Secondary Index in Teradata provides an alternate path to retrieve the data. It is used only for data retrieval and it has nothing to do with data distribution. For data distribution, Teradata use PRIMARY INDEX. So why do we need Secondary Index , when Primary Index is available for Data Storage as well as Data Retrieval ? There may be some situations when the query may not be using Primary Index column for data retrieval. In such cases, data retrieval will be very slow. In such situations we can create Secondary Index on such columns which are not part of PRIMARY Index however are used very often in JOIN conditions or other conditions for data retrieval. Like PRIMARY INDEX, we have two types of SECONDARY Index too:
Unique Secondary Index
CREATE UNIQUE INDEX [COLUMN_NAME] ON TABLENAME;
Non-Unique Secondary Index
CREATE INDEX [COLUMN_NAME] ON TABLENAME;
Creating SECONDARY INDEX may help in performance optimisation however it also comes at some cost in terms of resources. Whenever a SECONDARY index is created on table , a subtable is created on all the AMPs which hold following information:
SECONDARY INDEX VALUE || SECONDARY INDEX ROW_ID || PRIMARY INDEX ROW_ID
So whenever we query using column defined as SECONDARY INDEX, all AMP's are asked to check for their sub-table if they hold that value. If yes, then AMPs retrieve the corresponding PRIMARY INDEX row_id from their subtable. Then the AMP holding the PRIMARY INDEX row_id is asked to retrieve respective records. Hence, Data Retrieval via Secondary Index is always 2 AMP or more AMP operation. For NUSI [Non Unique Secondary Index] subtable is created in the same AMP holding the PRIMARY row_id. However for USI[Unique Secondary Index], subtables hold the information about rows of different AMPs. Secondary Index avoids FULL TABLE scan.
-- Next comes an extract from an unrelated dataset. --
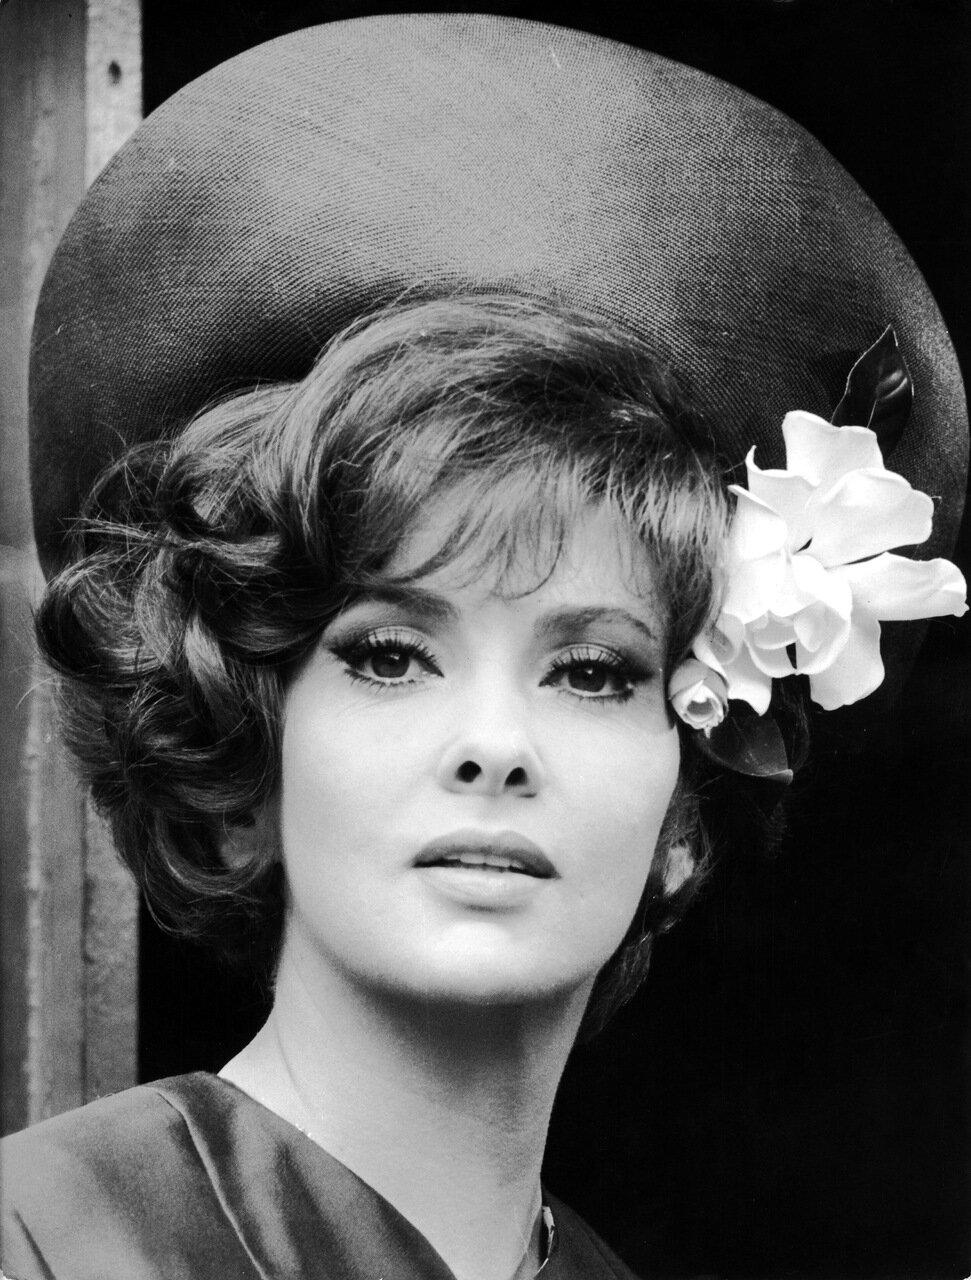 Gina LOLLOBRIGIDA Portrait mit Hut, 1966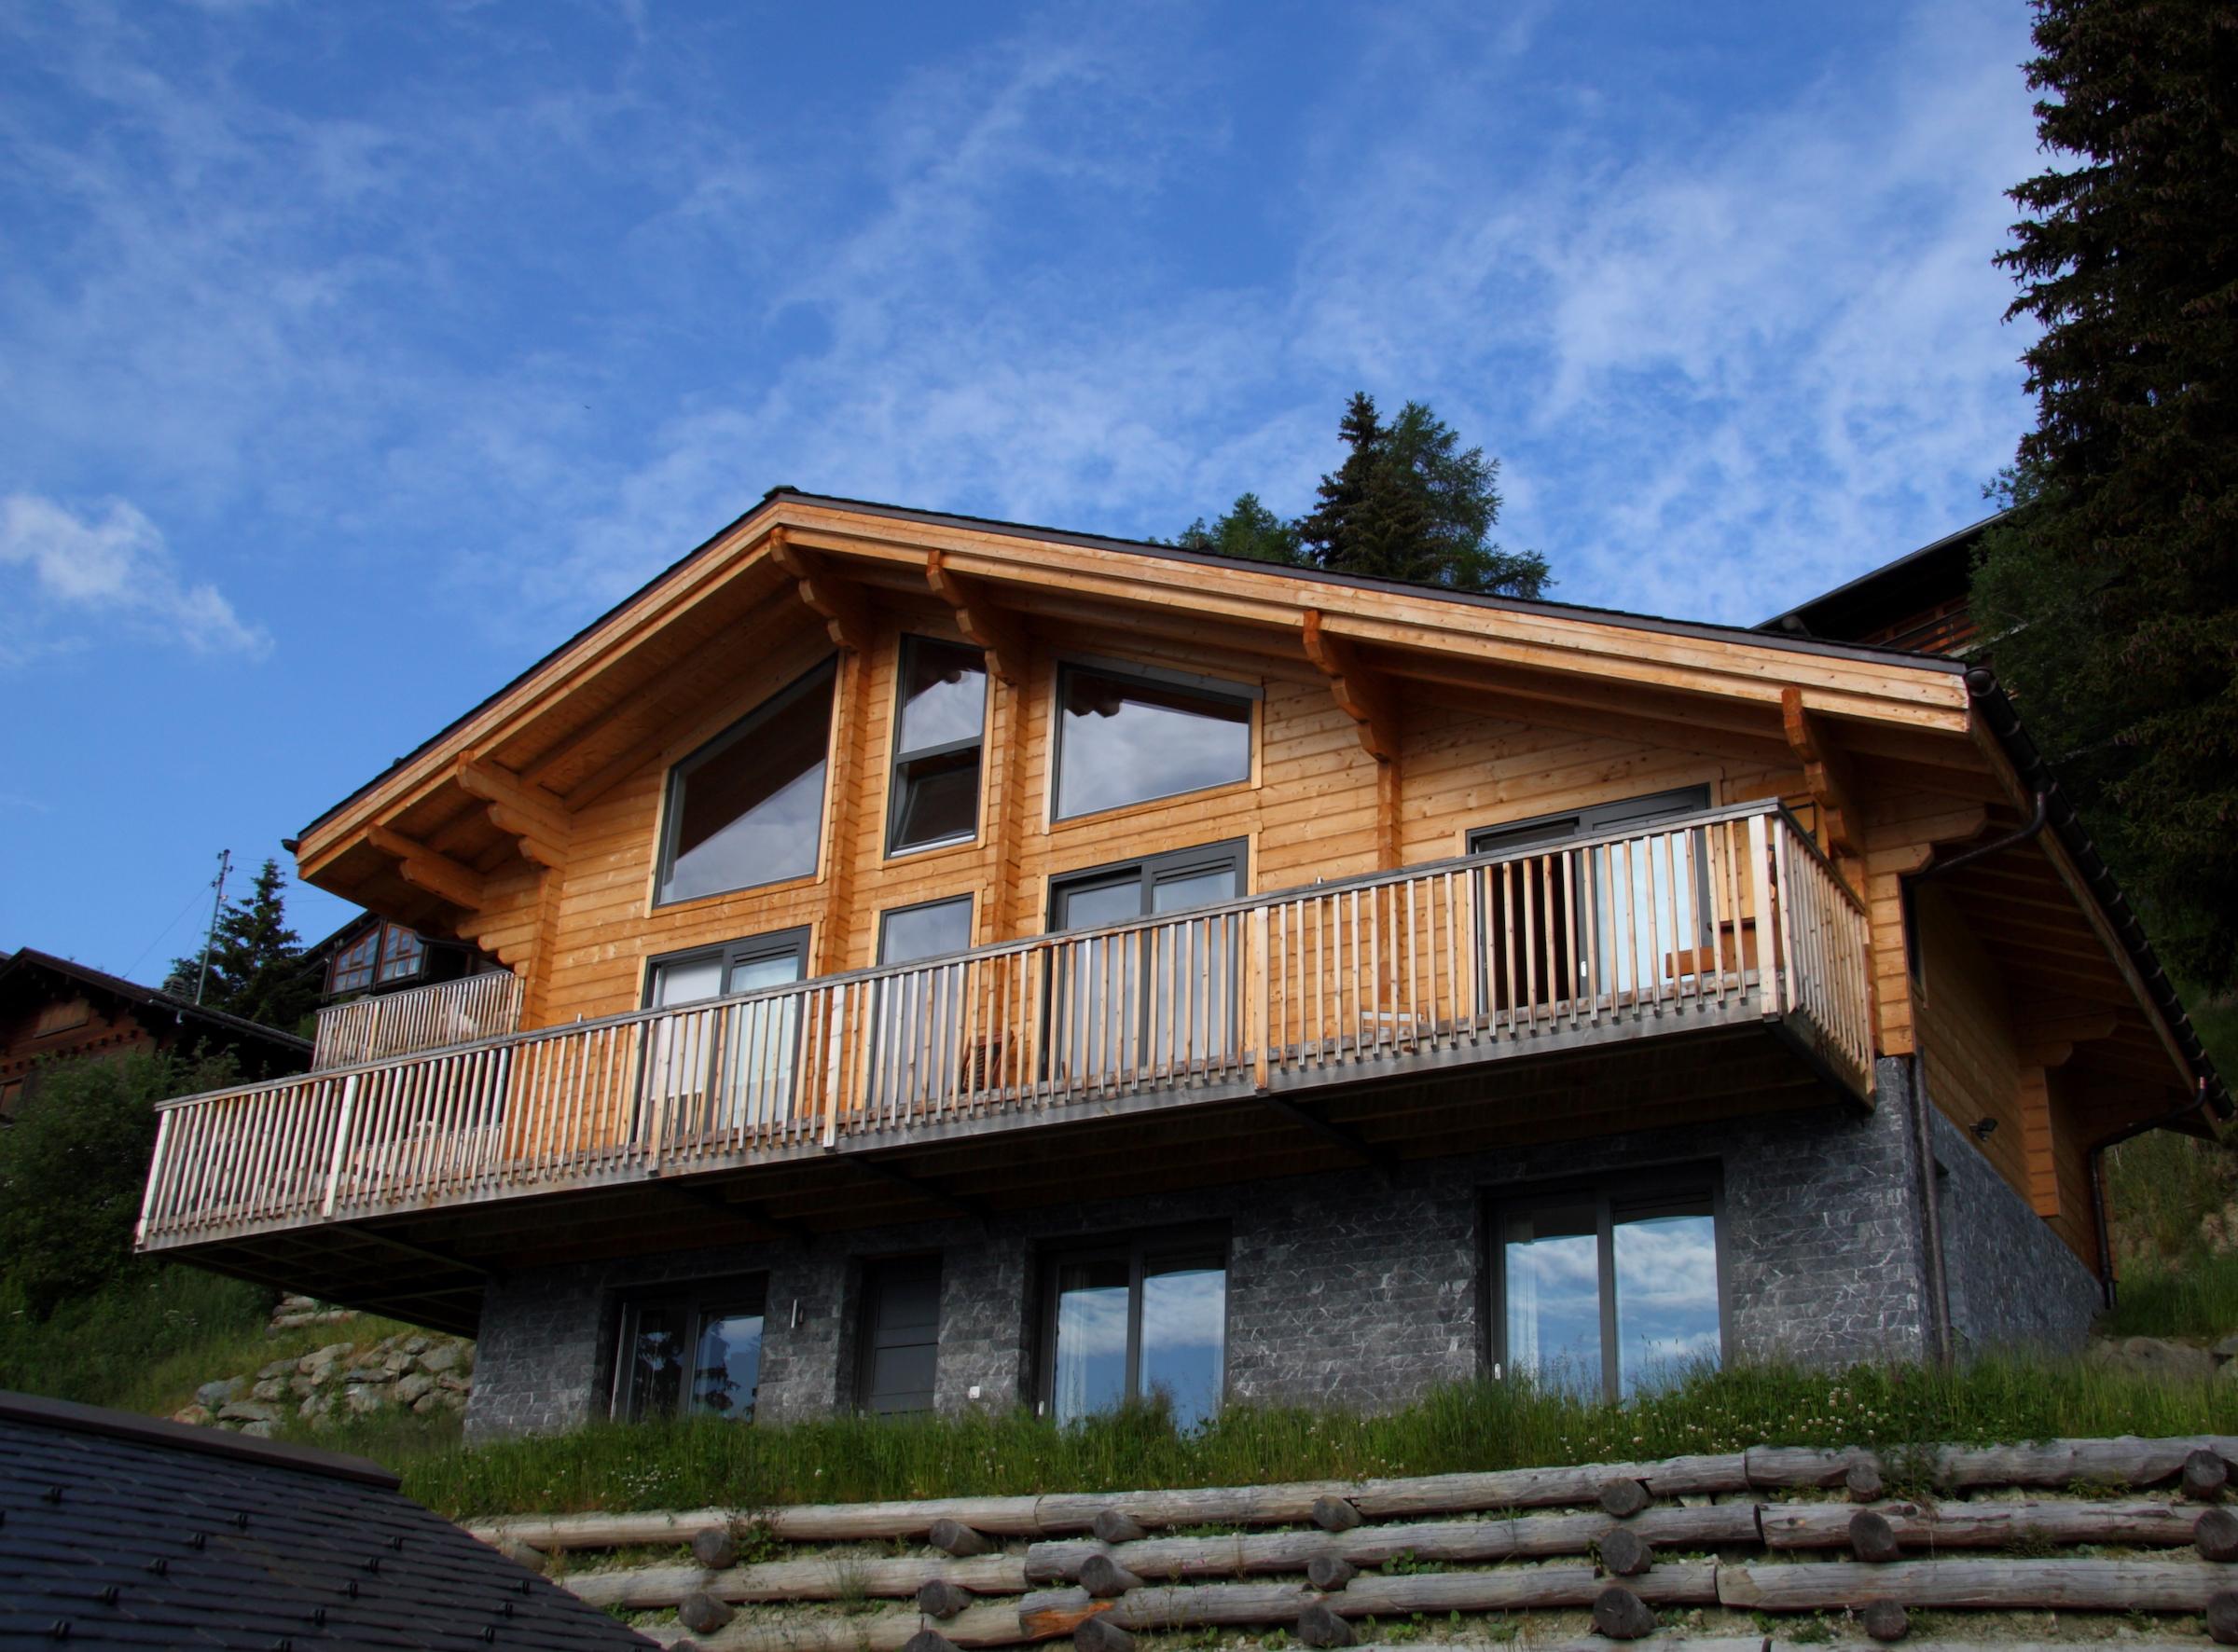 Ski Chalet Switzerland: Le Iceberg

However one should collect STATS on Secondary Index columns in order to allow Optimizer to use Secondary Index and not Full Table Scan.
Advantages of Secondary Index
- Avoids FULL Table Scan by providing alternate data retrieval path.
- Enhances performances.
- Can be dropped and created anytime.
- A table may have multiple Secondary Index defined where as only one Primary Index is permissible.
Disadvantages of Secondary Index
- Needs extra storage space for SUBTABLE.
- Needs extra I/O to maintain SUBTABLE.
- Collect STATS is required in order to avoid FULL TABLE SCAN.
Drop Secondary Index
DROP INDEX [COLUMN_NAME] ON TABLENAME;